He bolted for it, so fast he thought he might have used a bit of ghost power to do it. When he caught up with Clockwork, he was going to-

Danny was in the air above Amity Park, looking down on Fenton Works. “Wh- Wha- _WHAT_?” he spluttered “You didn’t even put me back in the right time! What sort of guardian of time _are_ you if you can’t even get me to the right freaking day!” He looked again at the building where, even now, Sam and Tucker’s lives were in the balance, and stopped dead. No quarantine tent. Nothing even close to resembling a quarantine tent. “But…I didn’t even change anything,” he said, more to himself than Clockwork, if the great omnipotent asshat was still listening. “How’d- Did something happen while I was away?” His stomach lurched at the thought. Sam and Tucker, they weren’t- they hadn’t died, had they? Ecto-acne wasn’t fatal _that_ quickly, was it? It couldn’t be – Vlad had lived _how_ many years with it, again? – but Danny couldn’t shake the thought. The sooner he got back and saw what was going on with his own eyes, the better.

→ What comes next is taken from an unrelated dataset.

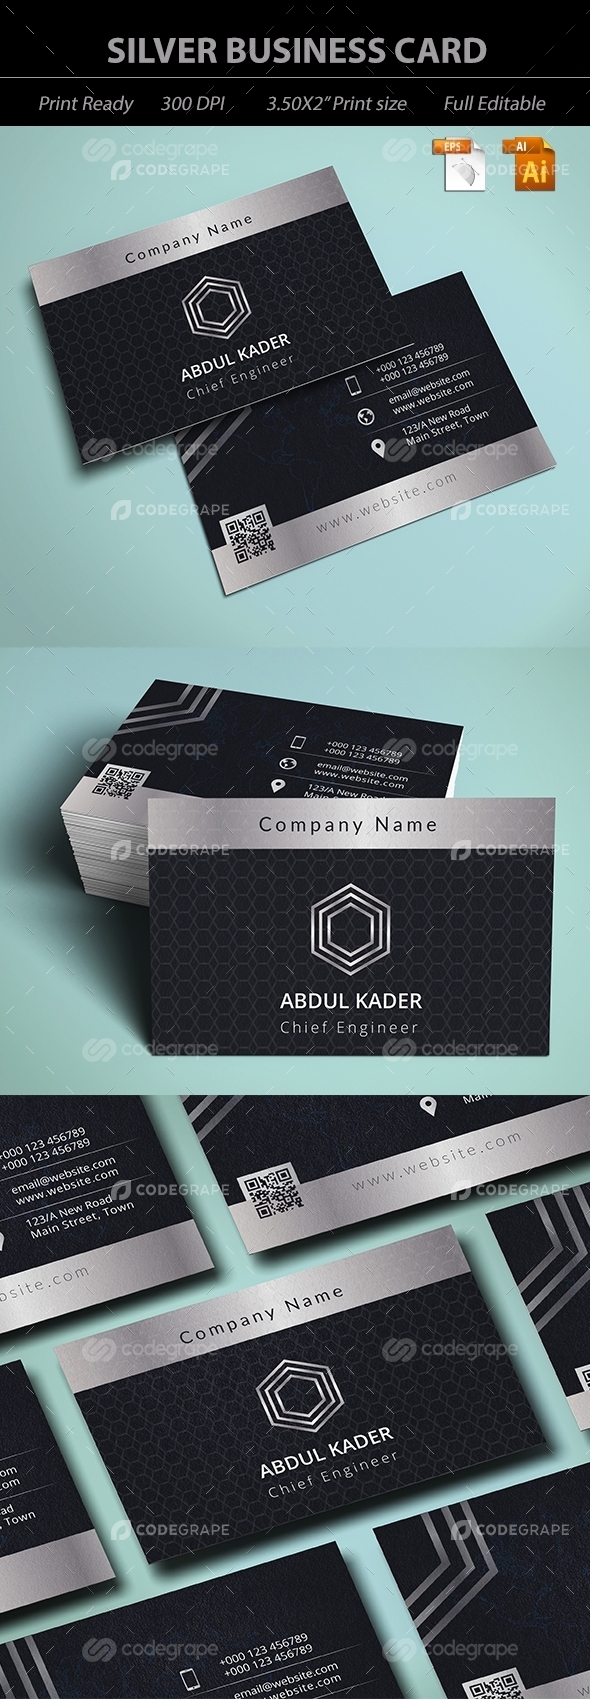 Silver Business Card Design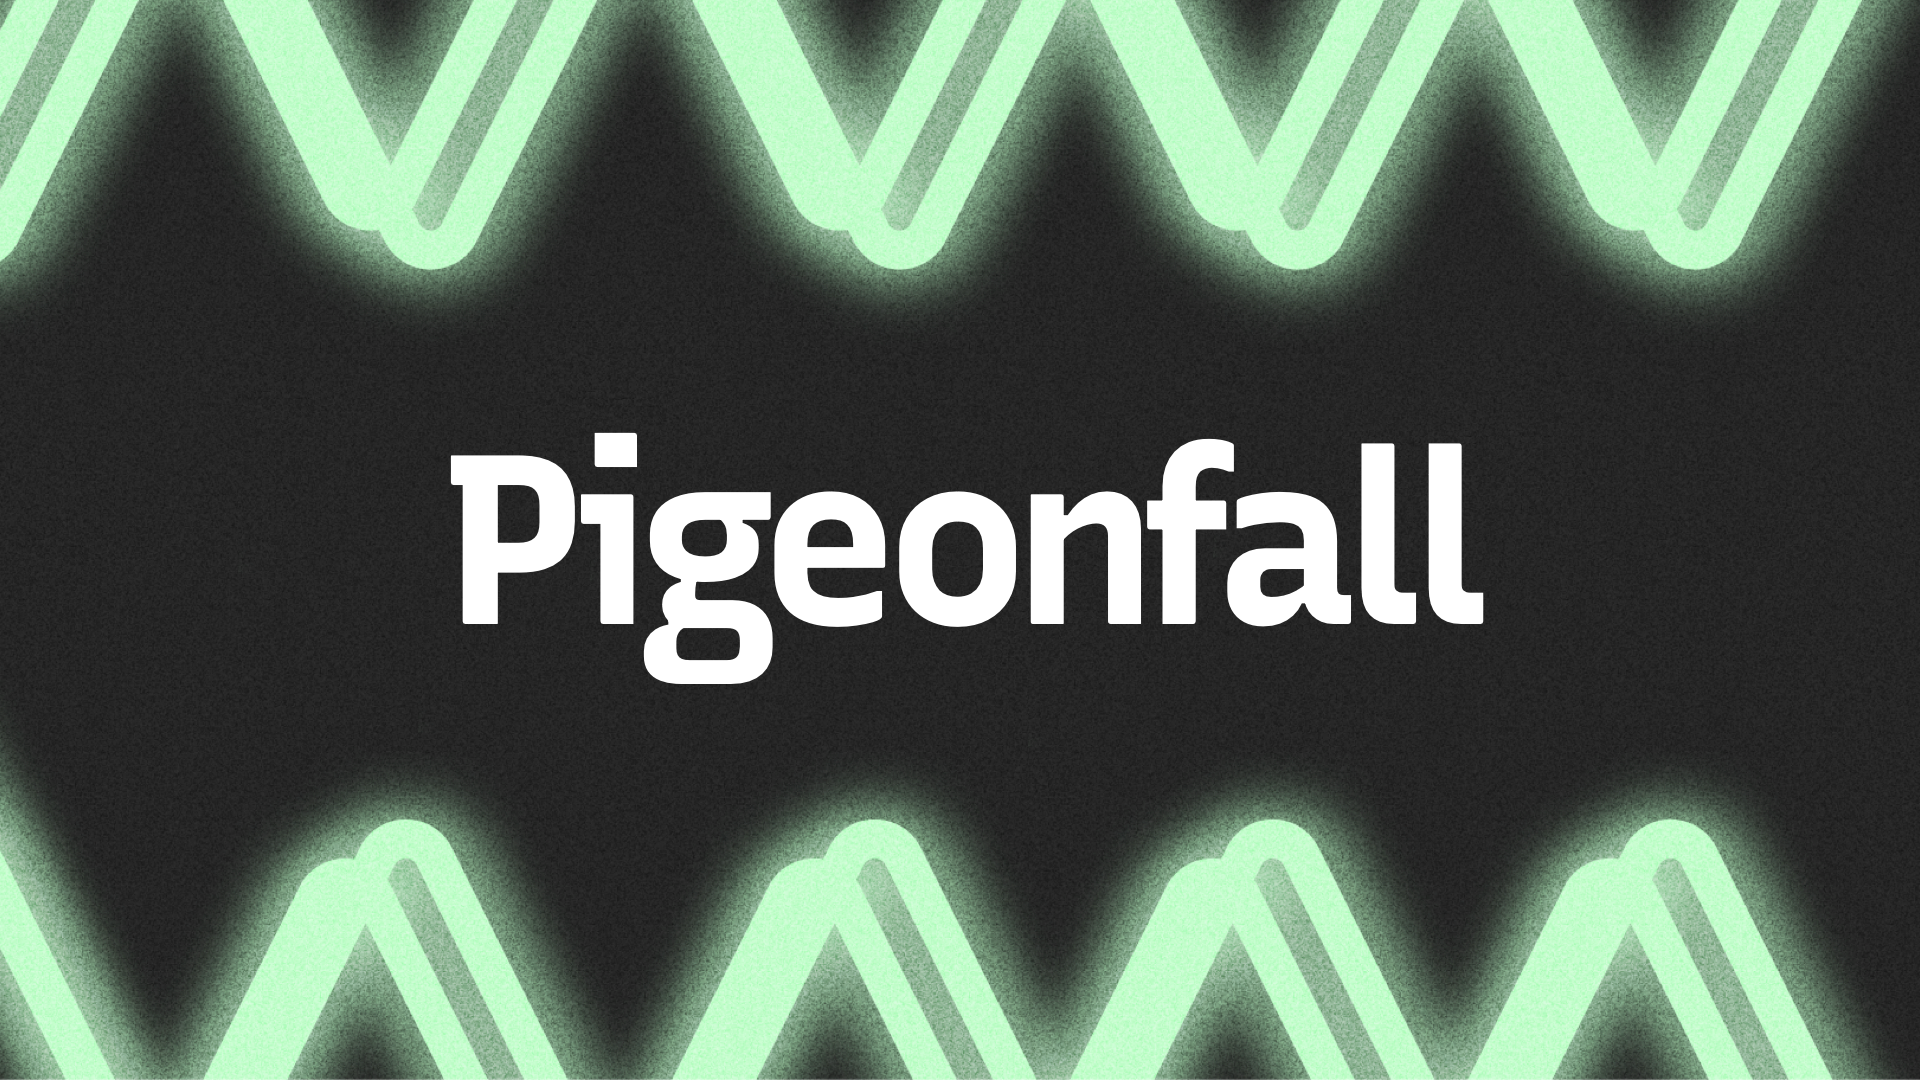 Pigeonfall Vulnerability Report

He swooped down, shifting into his human form before his feet even hit the ground, and raced for the door. If his parents had found a cure, that was one thing, though how they could’ve done that in the time it took to get to Clockwork’s castle and get majorly ripped off was a mystery to Danny. If they hadn’t, though…something about all of this felt wrong, it was too quick, too neat, too _simple_. And, in Danny’s experience, the first time it looked as though things were going well was usually the moment at which everything went really, spectacularly wrong in some way that would probably take three times as much effort to fix.

Jazz was sprawled out on the sofa when he came in, her legs over the end and her nose in a book on parapsychology. Granted, she was doing so in a sweater he’d never seen before, but the sight in front of him was so _normal_ it stopped Danny dead in his tracks.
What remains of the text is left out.